Phylodynamic analysis of sub-genotype sets

Sub-genotypes output files from E-type with ten or more qualifying sequences after the removal of duplicates and recombinants, were aligned using MAFFT40, and a maximum likelihood tree produced in MEGA41 using the GTR + G substitution model42. TempEst32 was used to derive the best fitting root and assess clock-like behaviour for each sub-genotype tree. For those sub-genotypes with more than 25 qualifying sequences (only C4 and B5), Bayesian skyline plots were produced using BEAST43 and Tracer44.

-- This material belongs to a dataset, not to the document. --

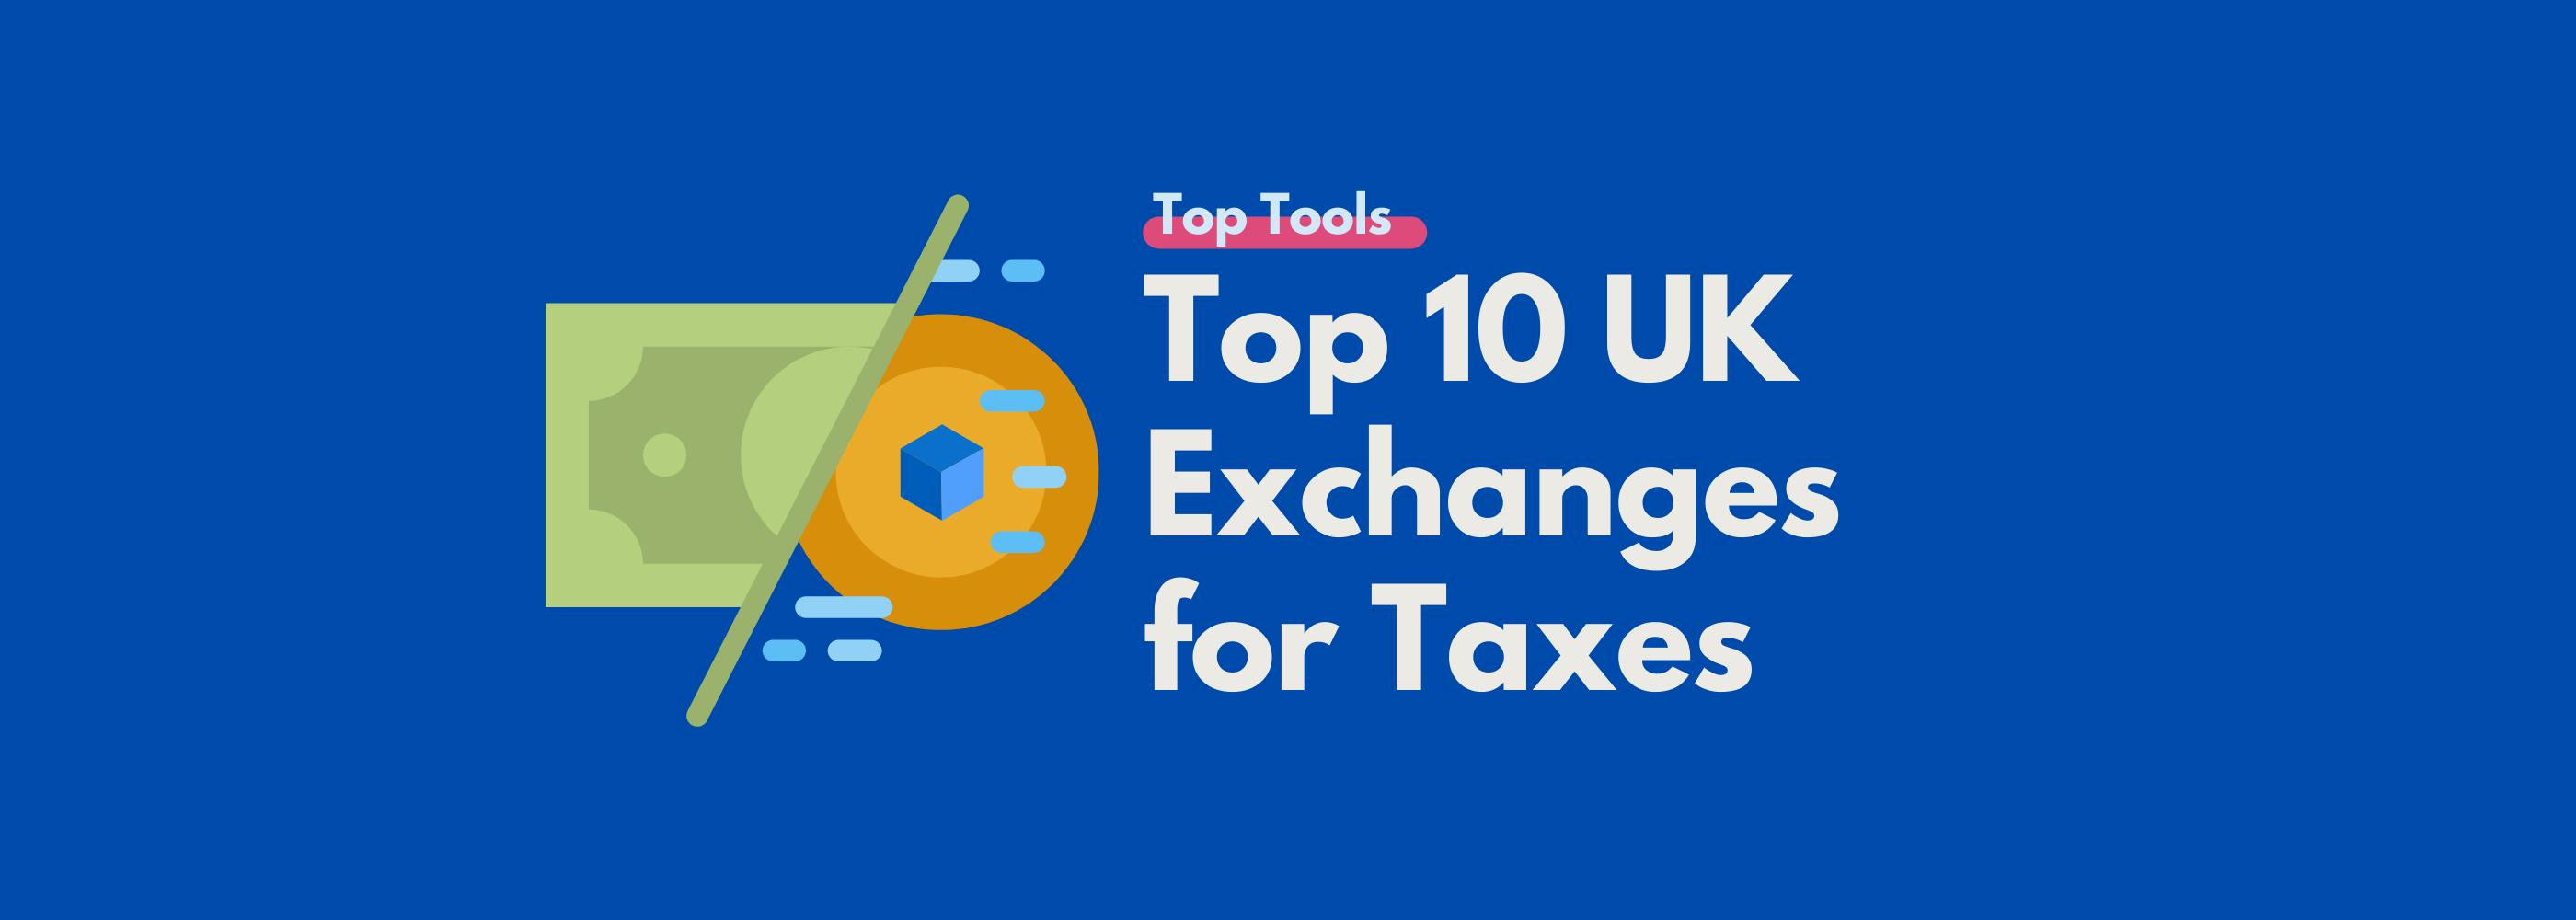 uk digital services tax targets crypto exchanges

Detection of positive selection using Slr

Genome sequences with a collection date before 2008 were removed and each sub-genotype alignment was trimmed to the boundaries of the coding sequence. Where necessary, alignment was refined using Muscle in “align codons” mode within MEGA. Positive selection, neutrality and constraint were analysed on a site-wise basis using Slr45 (version 1.5.0). An initial estimate of the transition/transversion bias (kappa) was obtained in MEGA and was used along with an initial value of omega (dN/dS) of 1 (corresponding to neutral evolution) in the Slr input parameters. After the first run, the values of kappa and omega derived by Slr were used as input parameters to confirm convergence. Visualization of positively detected sites was performed in Molecular Operating Environment (MOE), 2013.08 (Chemical Computing Group ULC, 1010 Sherbooke St. West, Suite #910, Montreal, QC, Canada, H3A 2R7).